** RECORDS TO USE follows **

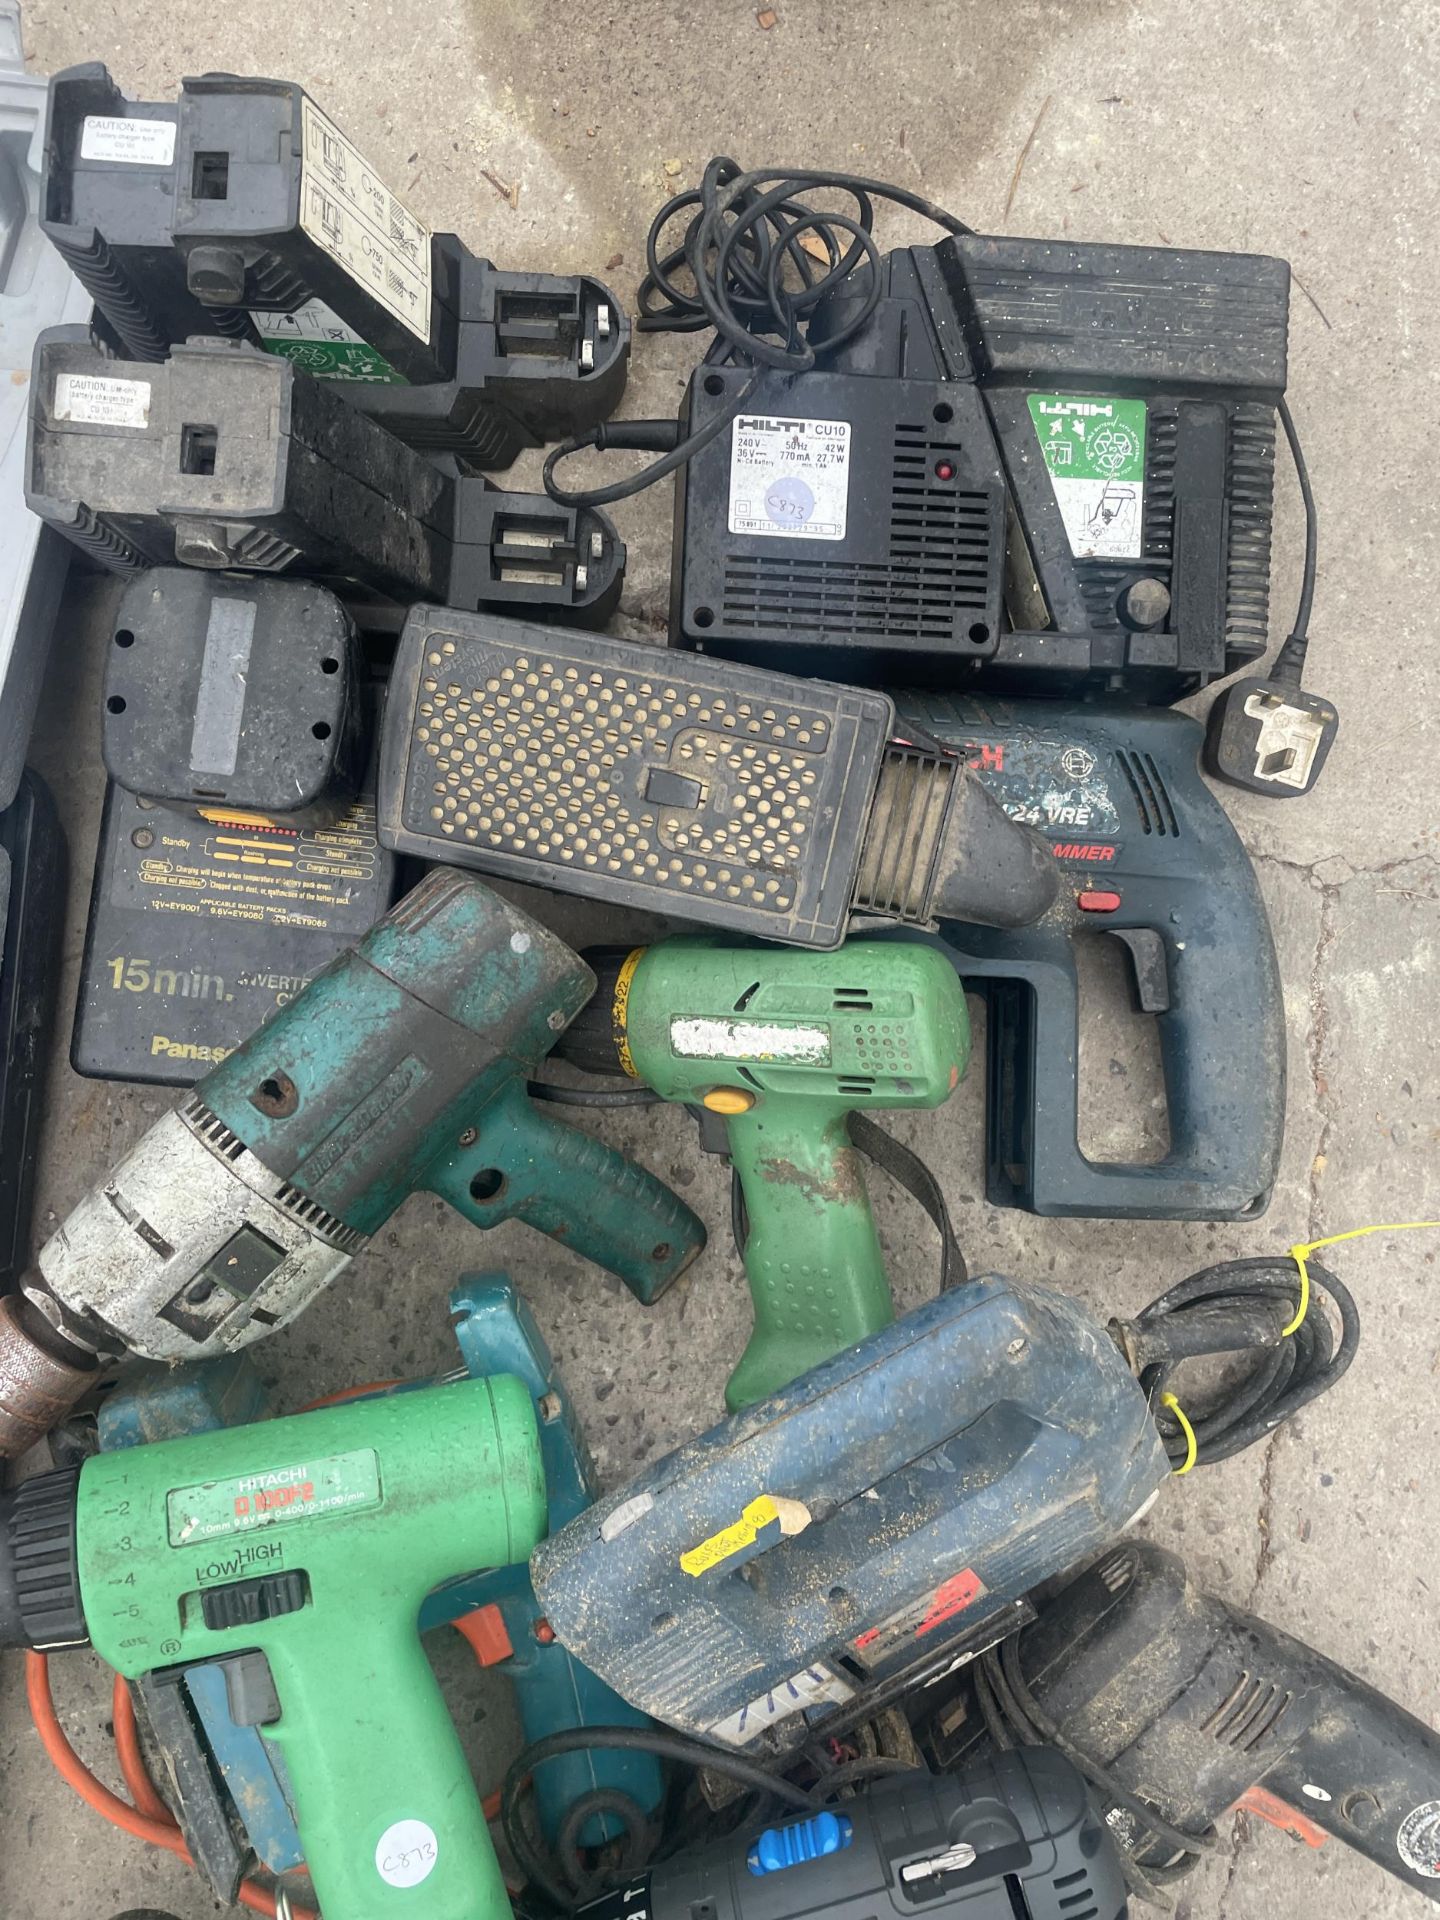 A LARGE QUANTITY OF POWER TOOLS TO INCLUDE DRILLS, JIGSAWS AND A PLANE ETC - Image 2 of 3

** End of RECORDS TO USE **
** RECORDS TO USE follows **

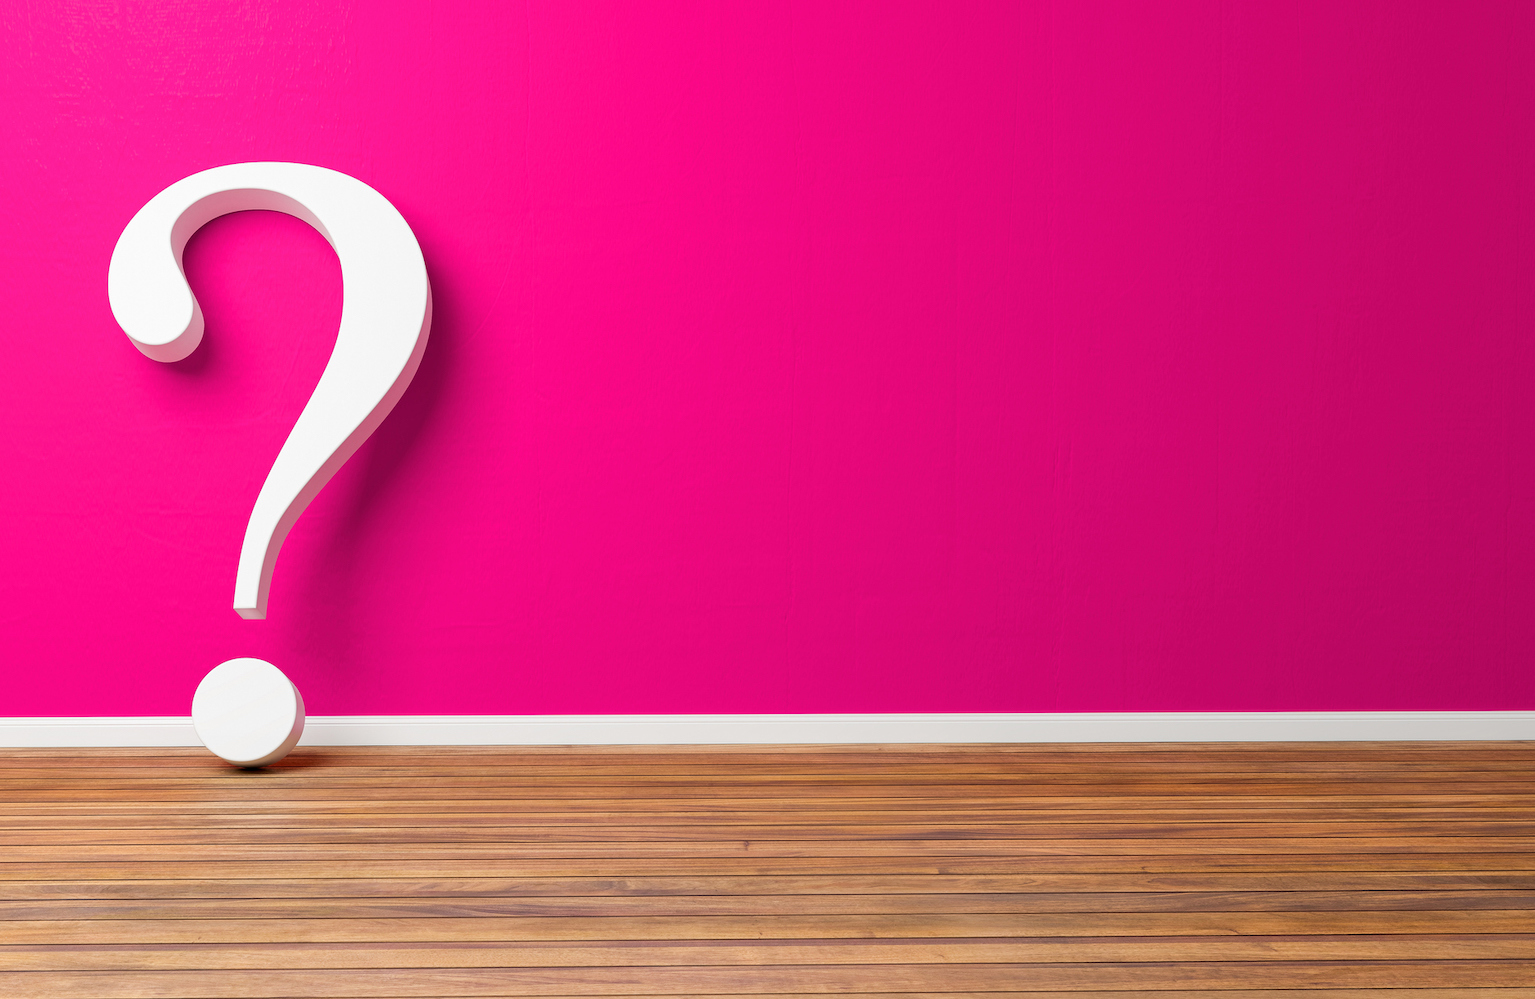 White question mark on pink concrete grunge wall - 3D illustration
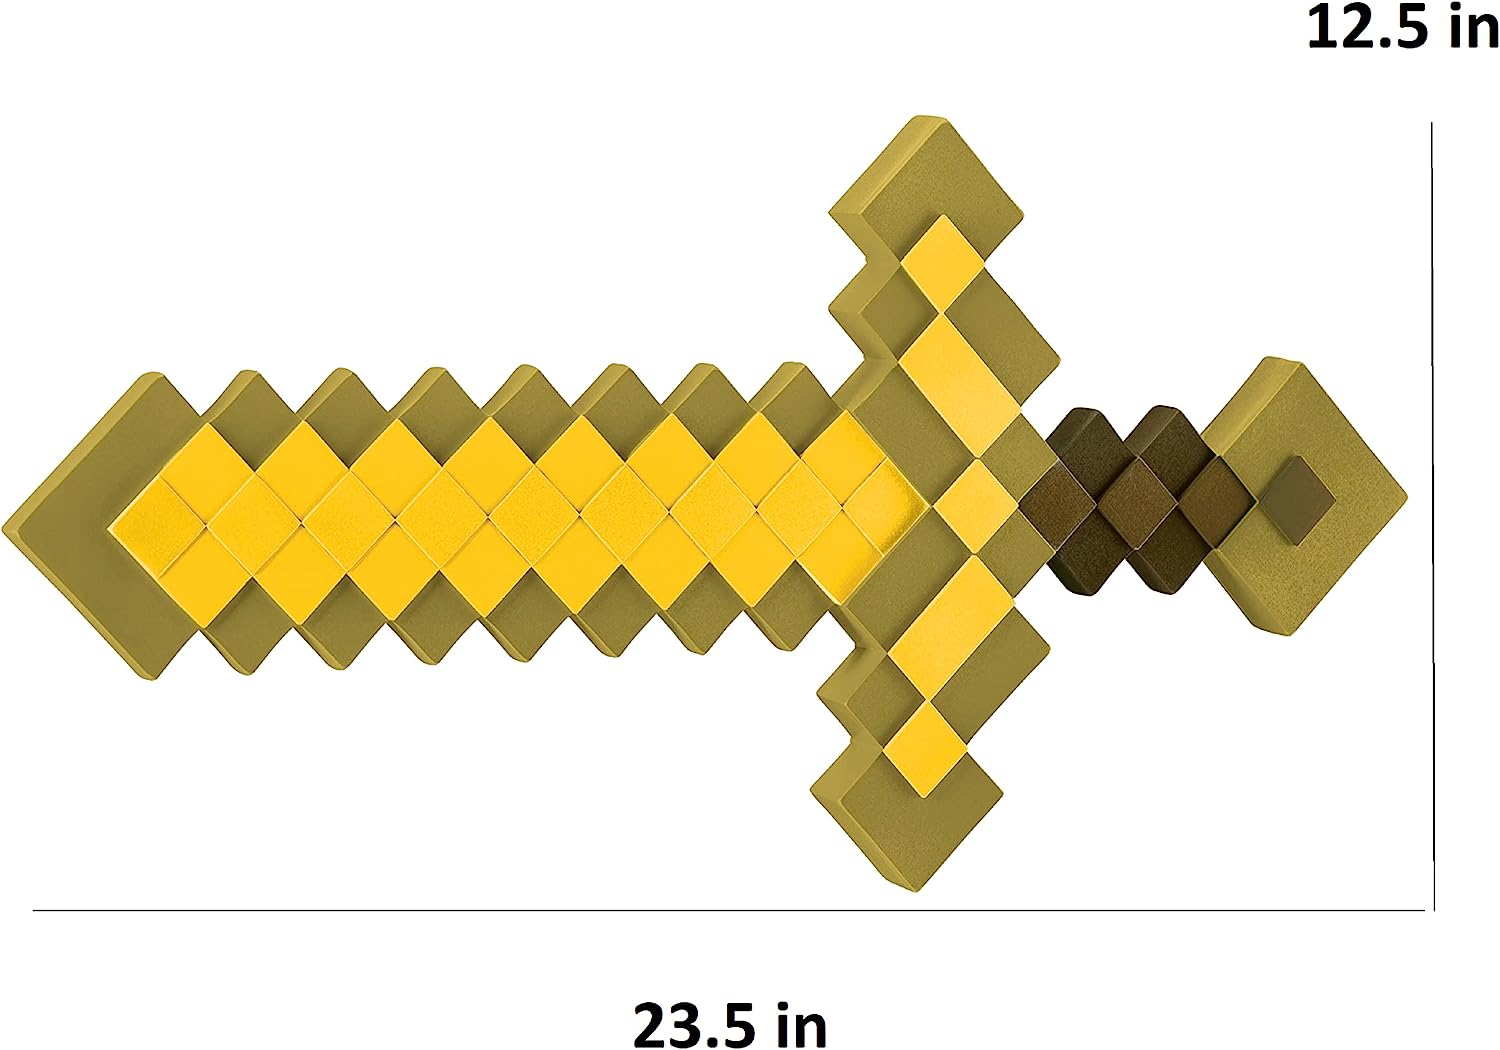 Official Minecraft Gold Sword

** End of RECORDS TO USE **
** RECORDS TO USE follows **

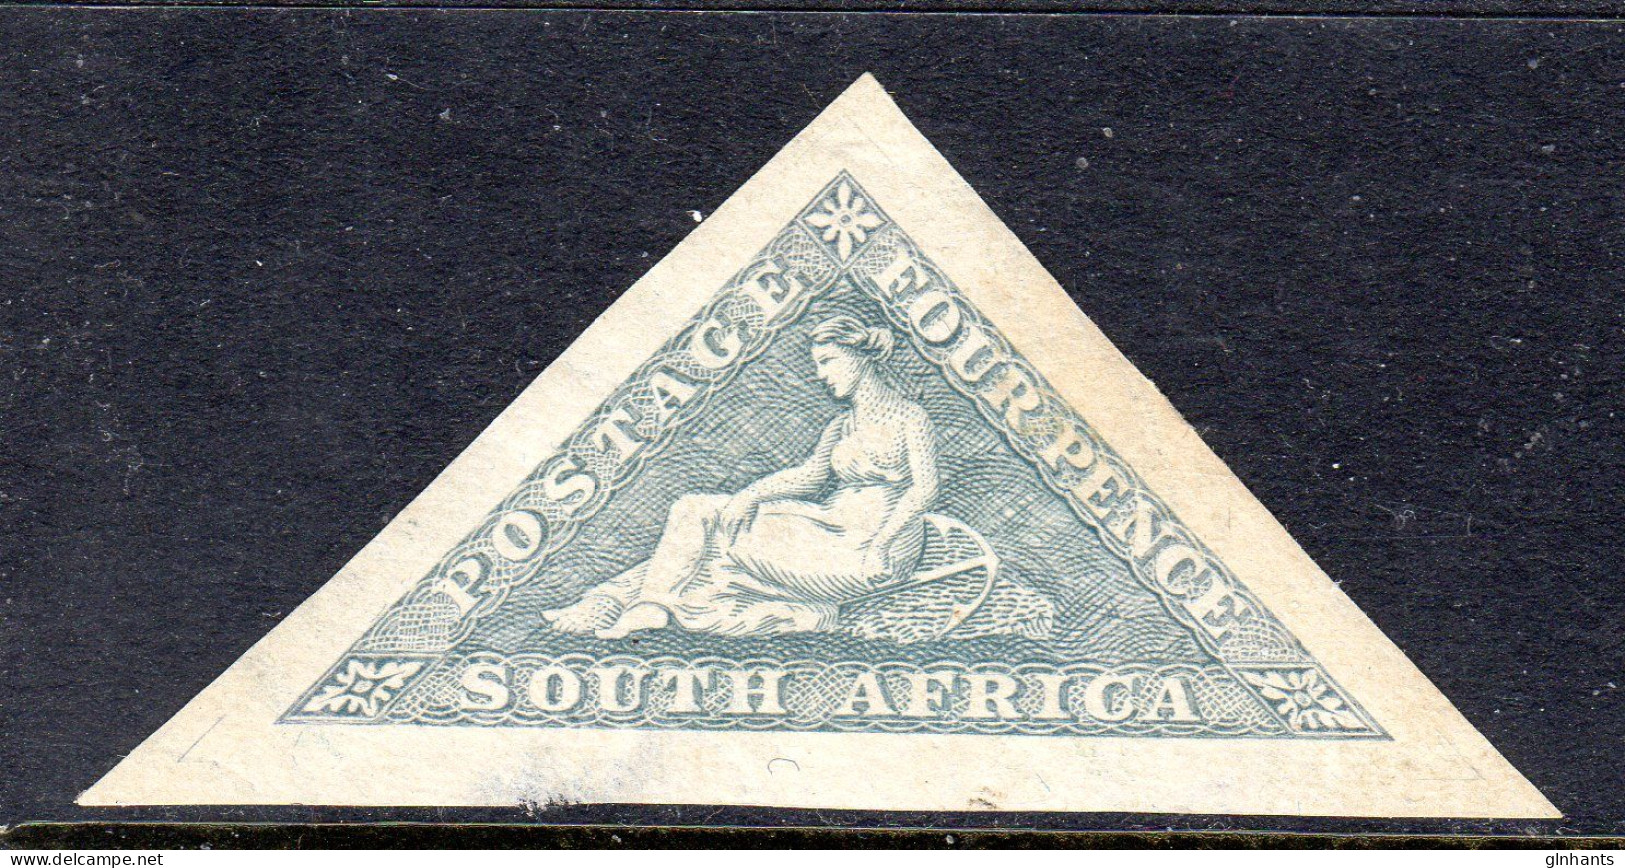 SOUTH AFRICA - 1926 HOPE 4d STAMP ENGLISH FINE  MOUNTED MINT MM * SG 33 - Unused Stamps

** End of RECORDS TO USE **

» DIRECTIONS:
Copy exactly, without pictures, the lines above from the one with "White question mark" down to the one with "Official Minecraft Gold Sword", inclusive.

» ANSWER SPACE:
 White question mark on pink concrete grunge wall - 3D illustration
 Official Minecraft Gold Sword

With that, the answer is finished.